Get Customers Thinking about the Cost of Downtime

In selling DRaaS the first step is for the potential customer to appreciate that the cost of the service you are selling is very small relative to the cost of downtime.

Many articles and calculators are out there on how to calculate downtime. However, you can keep it really simple—don’t focus on calculating to the penny the exact cost but rather on getting the customer thinking in broader terms: How much could downtime cost me?

For example, let’s say a company turns over £1m annually, and there is an average of 1,700 working hours in a year—then each hour the company is down is costing £588 in lost revenue.

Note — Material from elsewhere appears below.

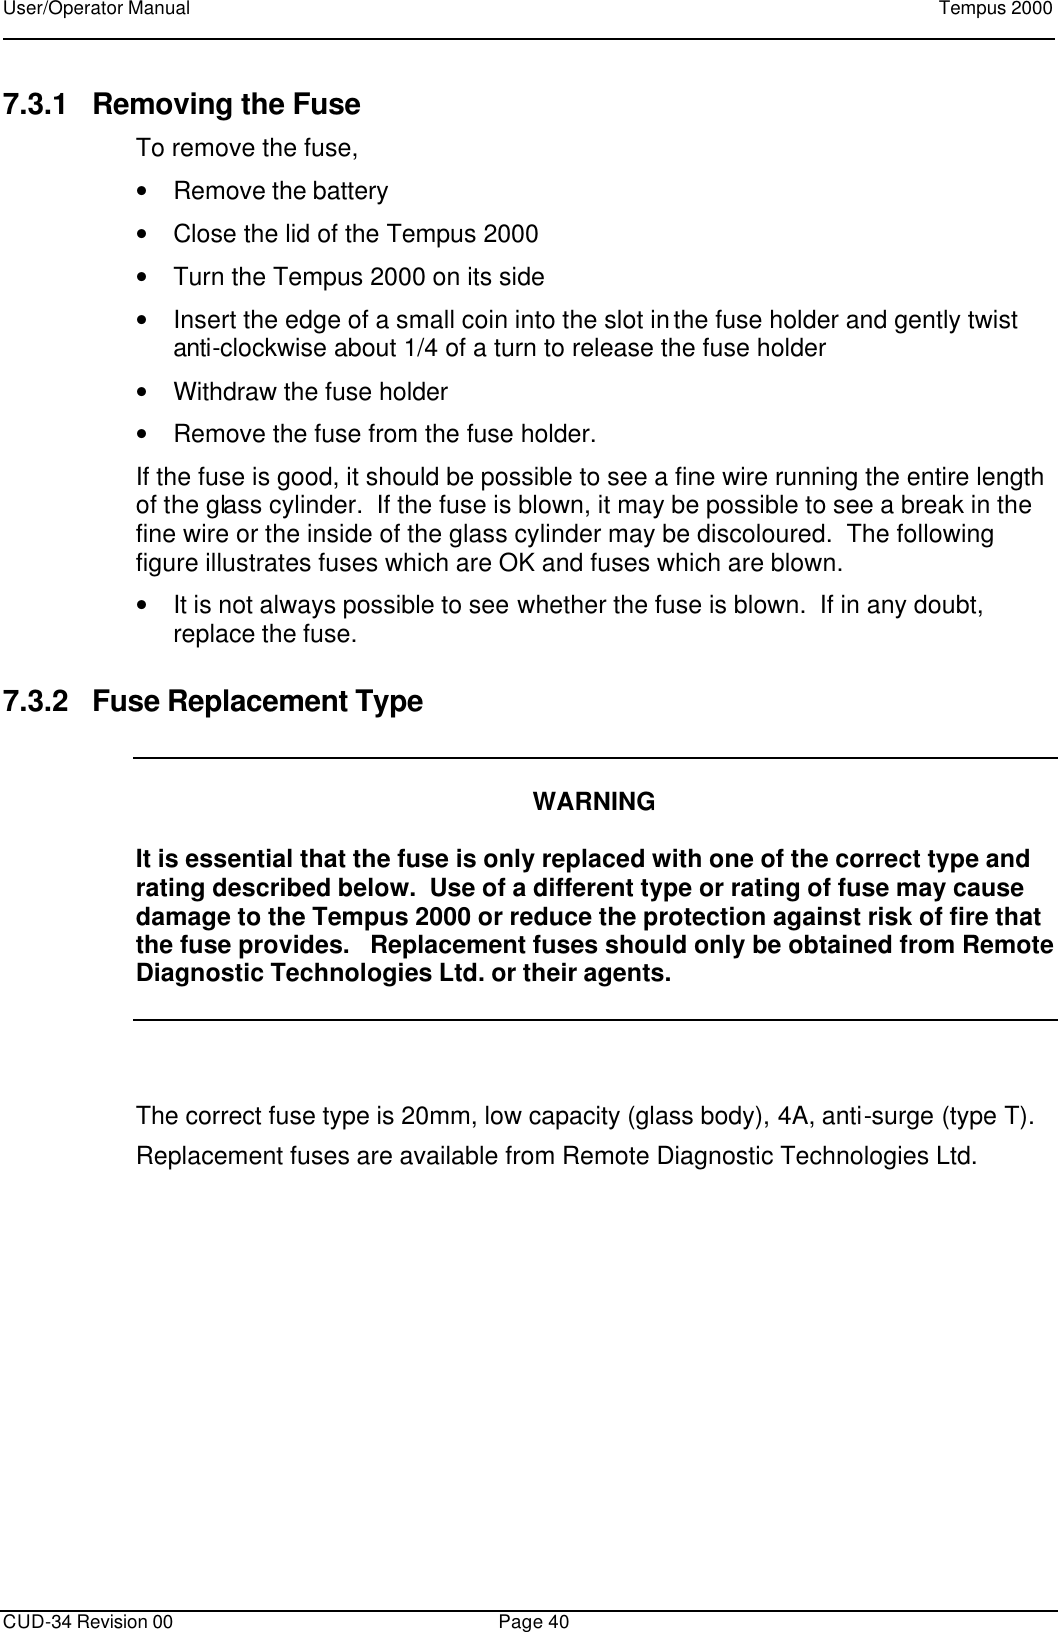 User/Operator Manual    Tempus 2000      CUD-34 Revision 00 Page 40  7.3.1 Removing the Fuse To remove the fuse,  • Remove the battery  • Close the lid of the Tempus 2000 • Turn the Tempus 2000 on its side • Insert the edge of a small coin into the slot in the fuse holder and gently twist anti-clockwise about 1/4 of a turn to release the fuse holder • Withdraw the fuse holder • Remove the fuse from the fuse holder. If the fuse is good, it should be possible to see a fine wire running the entire length of the glass cylinder.  If the fuse is blown, it may be possible to see a break in the fine wire or the inside of the glass cylinder may be discoloured.  The following figure illustrates fuses which are OK and fuses which are blown. • It is not always possible to see whether the fuse is blown.  If in any doubt, replace the fuse. 7.3.2 Fuse Replacement Type     WARNING  It is essential that the fuse is only replaced with one of the correct type and rating described below.  Use of a different type or rating of fuse may cause damage to the Tempus 2000 or reduce the protection against risk of fire that the fuse provides.   Replacement fuses should only be obtained from Remote Diagnostic Technologies Ltd. or their agents.   The correct fuse type is 20mm, low capacity (glass body), 4A, anti-surge (type T).   Replacement fuses are available from Remote Diagnostic Technologies Ltd.

In many cases, lost revenue is not even the biggest issue—what can be even more worrying to companies is the “knock on” effects of an outage.

Things like

Add something about GDPR requirement to be able to recover in a timely manner

Talk to the Right People

The key to effectively selling DRaaS is to make sure you are having the conversation with the right people.

You may start your discussions with the IT director, but you will also need to bring in the finance and operations people. For small to midsize businesses, you’ll need to bring in the business owner. This is important as these people have to sign off on the spend—but they are also the ones who will fully appreciate the impact of downtime on revenue.

Be Patient

This can be a long sales cycle—be prepared for this. But once they have signed on, get customers to commit for a fixed period (I’ve seen this vary from 1 year to 3 years). Obviously the longer the better.

Word to the wise …

Underpin your DR solution with products (both hardware and software) that you can count on. Remember that a difference between selling backup and selling DRaaS is that you are committing to restoring your customers’ systems (within an agreed-on period of time) in the event of a failure. You need to be 100 per cent certain that you can deliver on these promises.

For more on this topic, download our Ebook – Are you leaving money on the table?



Janet O’Sullivan is EMEA Channel Marketing Manager for StorageCraft and Chair of the CompTIA UKCC, and was named in the CRN Women of the Channel Power 100 2018.


View Comments

  • Hello Carlo,

    Yes, you have pointed out the travails of being both a Techie and a Marketer, namely predicting software release dates. We both know how fast technology changes these days. What with Microsoft updates, new hardware (and the associated drivers), the constant flow of Linux distros, and StorageCraft's penchant for getting everything perfectly aligned before a release and my job as a Technical Marketer job becomes nigh impossible. I apologize for getting the date wrong, and will post more information about the upcoming software release as soon as I get it.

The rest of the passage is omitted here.